Recently, I attempted "table-based video" - i.e. changing table cell background colours to get animation. It was far too slow, understandably. I got about 0.5fps with a 100x100 cell matrix, meaning we did about 5000 background colour change operations a second. I'm filing this bug at Boris's request, because he wanted to do some profiling; I don't really expect Firefox's DOM to be fast enough to update 100,000 (100x100 pixels at 10fps) background image colours a second. Test file coming up. Gerv
Attached file Video test HTML (deleted) —
Oops, I used the wrong comment char there. But the testcase still works. Gerv
Attached file Canvas test HTML (obsolete) (deleted) —
Canvas manages about double the speed - 1fps - but then, a canvas-based implementation could colour contiguous pixel ranges at lower cost. How well this would work in practice depends on the amount of change - either deliberate or pixel jitter - between frames. So perhaps a cartoon "no-plugin video" implementation might be a lot more successful than a captured video one.

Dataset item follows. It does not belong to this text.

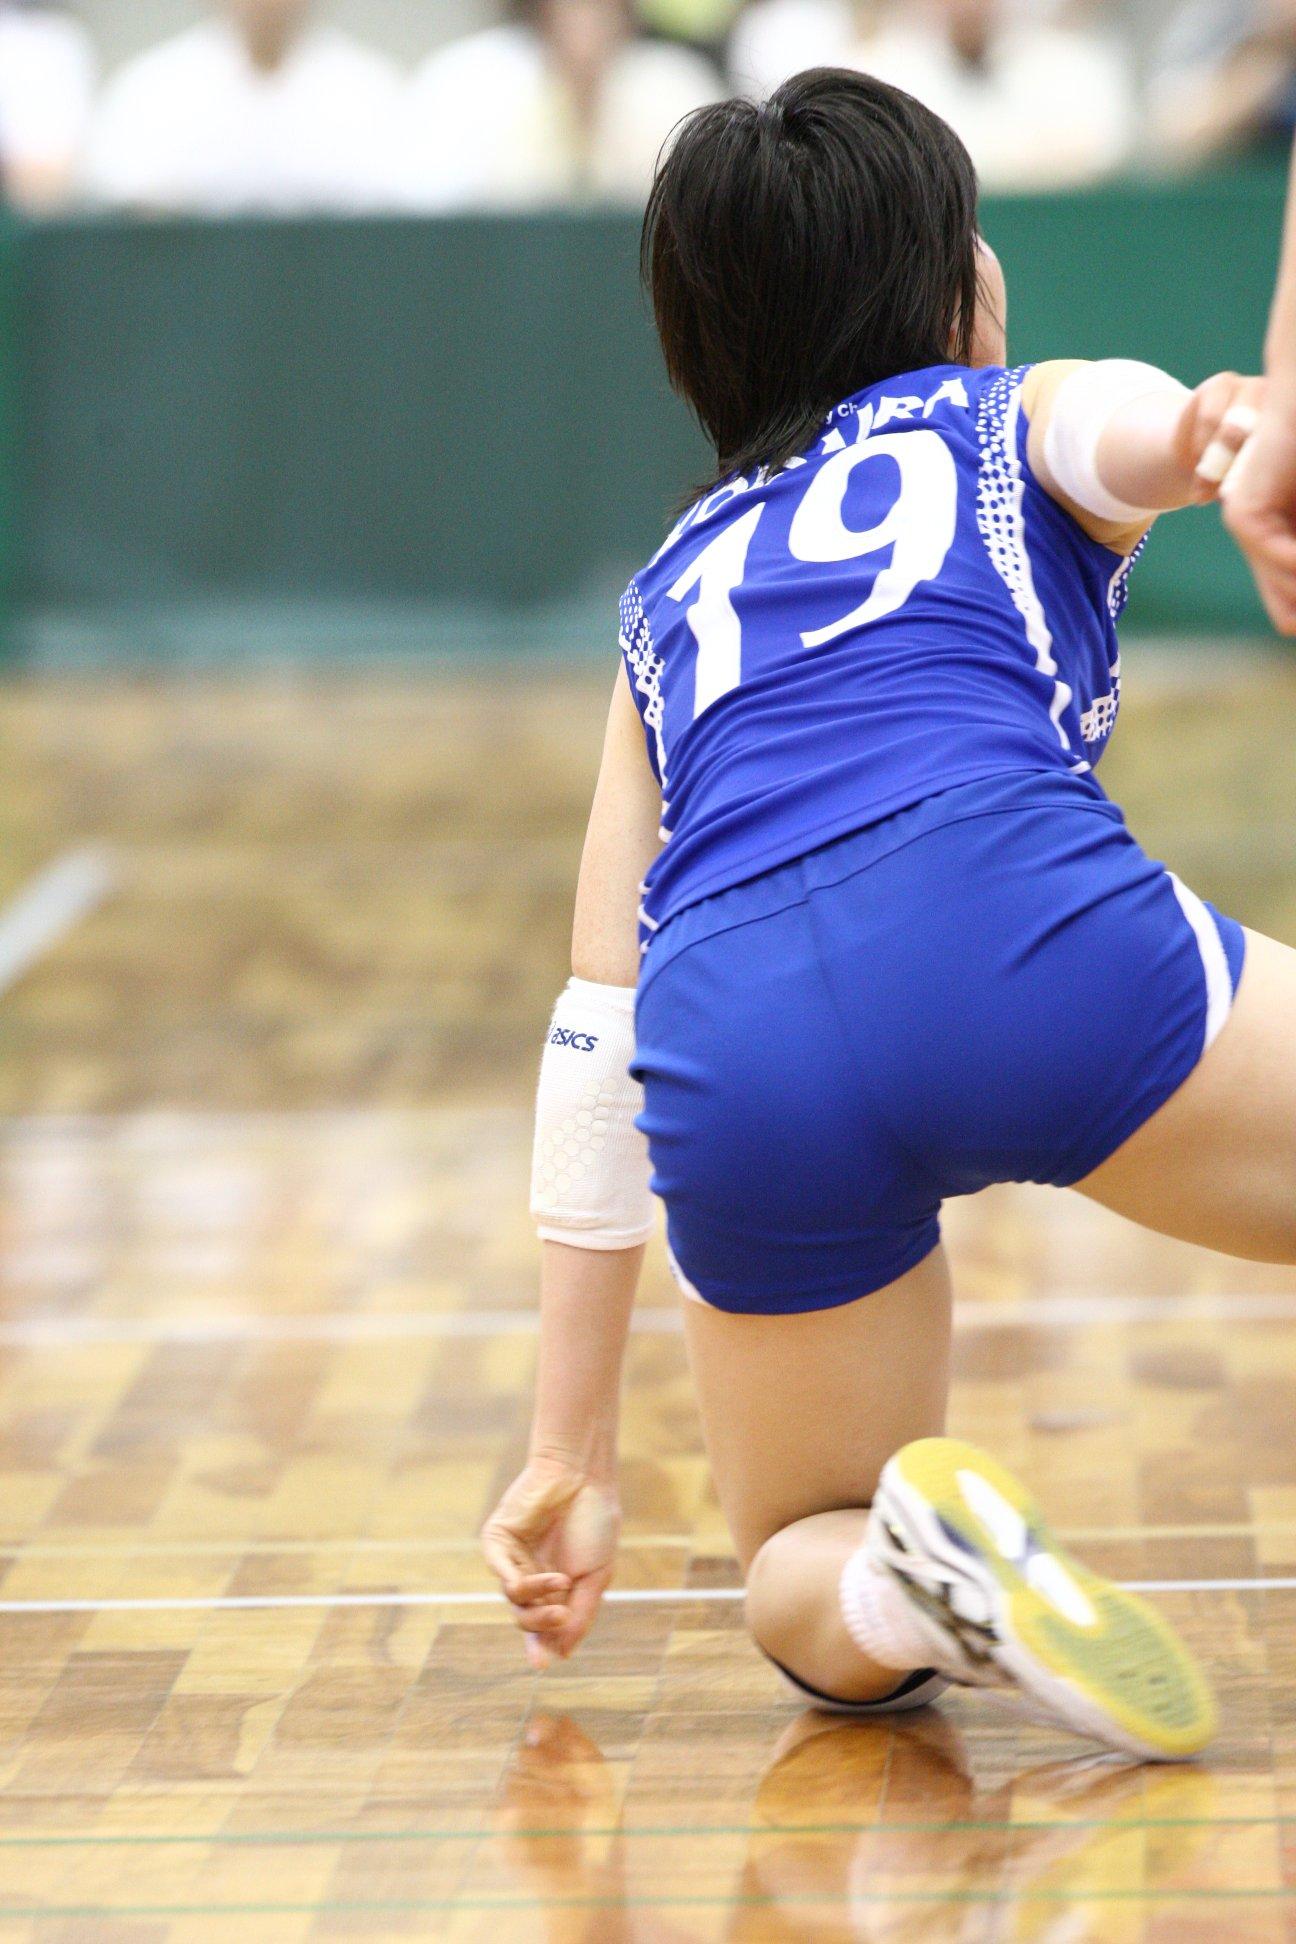 日中親善バレーボール2009 守山大会リプライズ_f0178711_17115930.jpg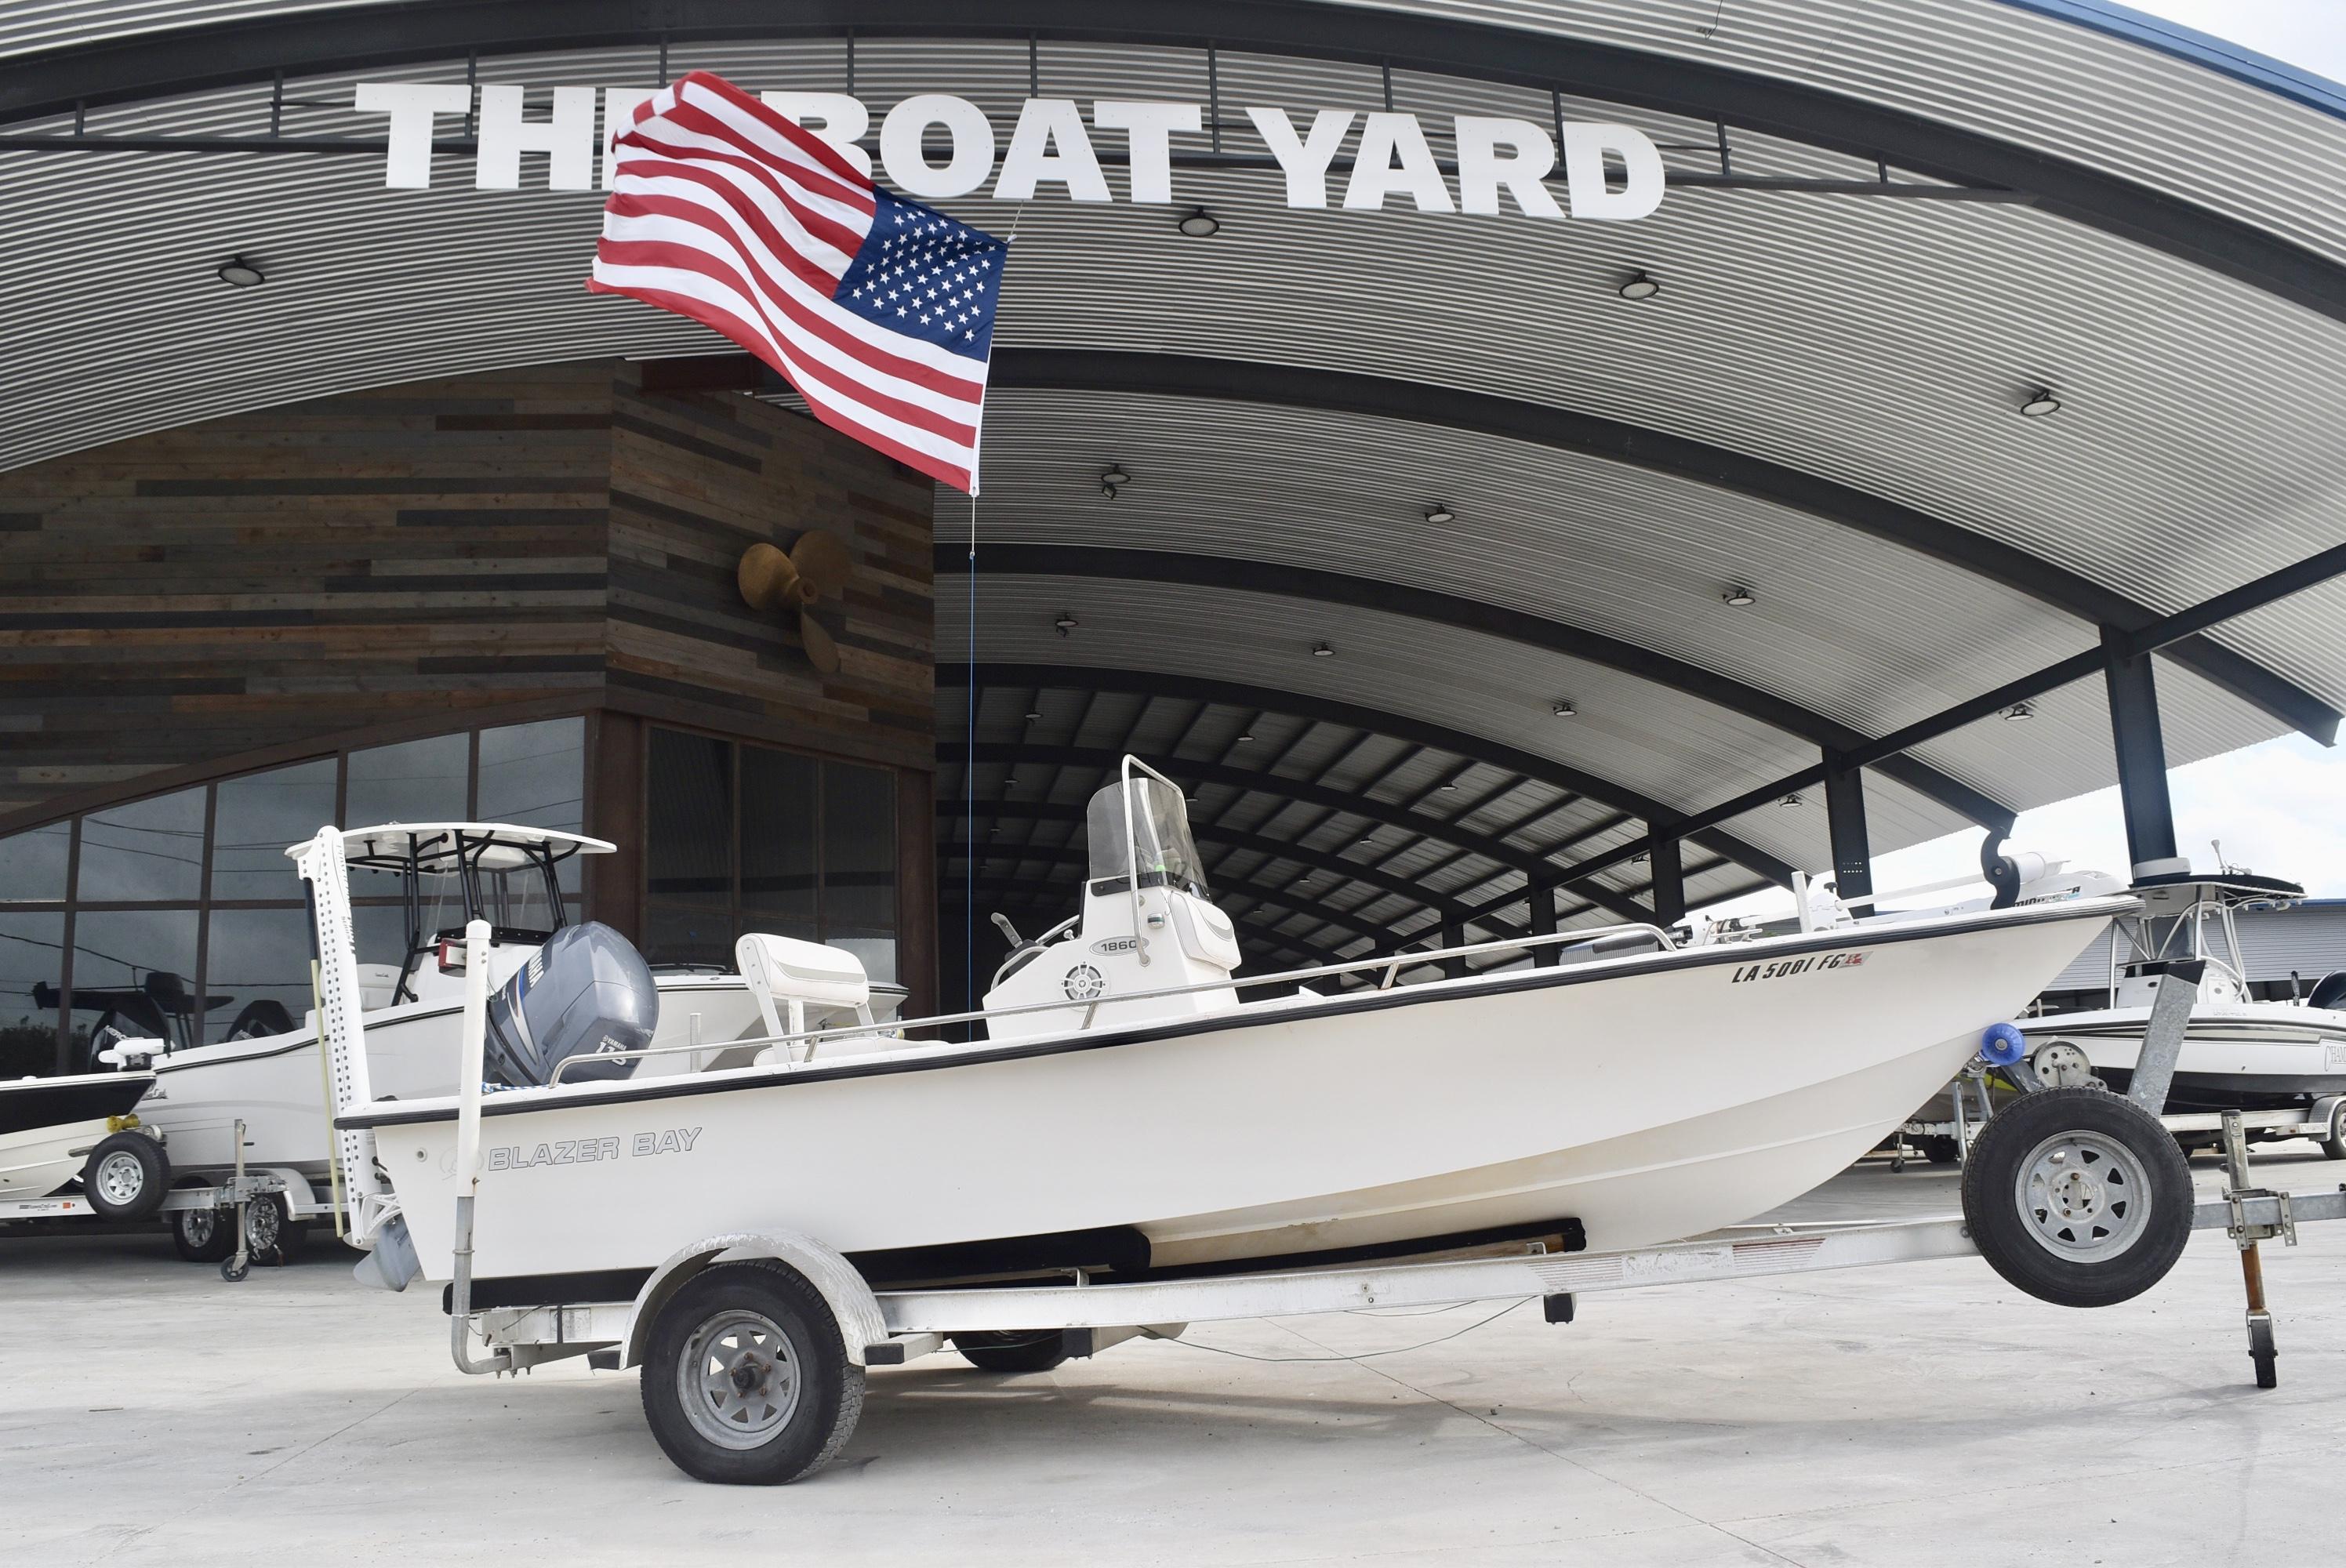 New  2003 Blazer Boats Boats Bay Boat in Marrero, Louisiana

Gerv
I'd be curious to see what the bottleneck is here, if someone wants to spend some quality oprofile time with this.
Keywords: perf
The <table> and <canvas> variants here aren't a fair comparison. They're different sizes, do different things, and the <table> case even tests transparency. Interesting tests though...
Whiteboard: need profiles
Ian: sure; the two test HTMLs are not "tests" in the sense that you might use the word. I was just messing around. I'm sure someone could use them to do a careful comparison if they wished to. It would be very cool if <canvas> got fast enough that you could stream JS to it and do cartoon-style animation at a decent size and frame rate. Maybe it is already, I don't know. Gerv
Ok, here are some real tests: http://www.hixie.ch/tests/adhoc/perf/video/ Boy, do we suck. Especially compared to, say, Opera. I'm getting an order of magnitude performance on Opera's worst test than I'm getting on Firefox's best test. It also seems that our getElementById() and childNodes[] implementations suck ass (in comparison Opera's are virtually instantaneous). But I guess those are separate bugs.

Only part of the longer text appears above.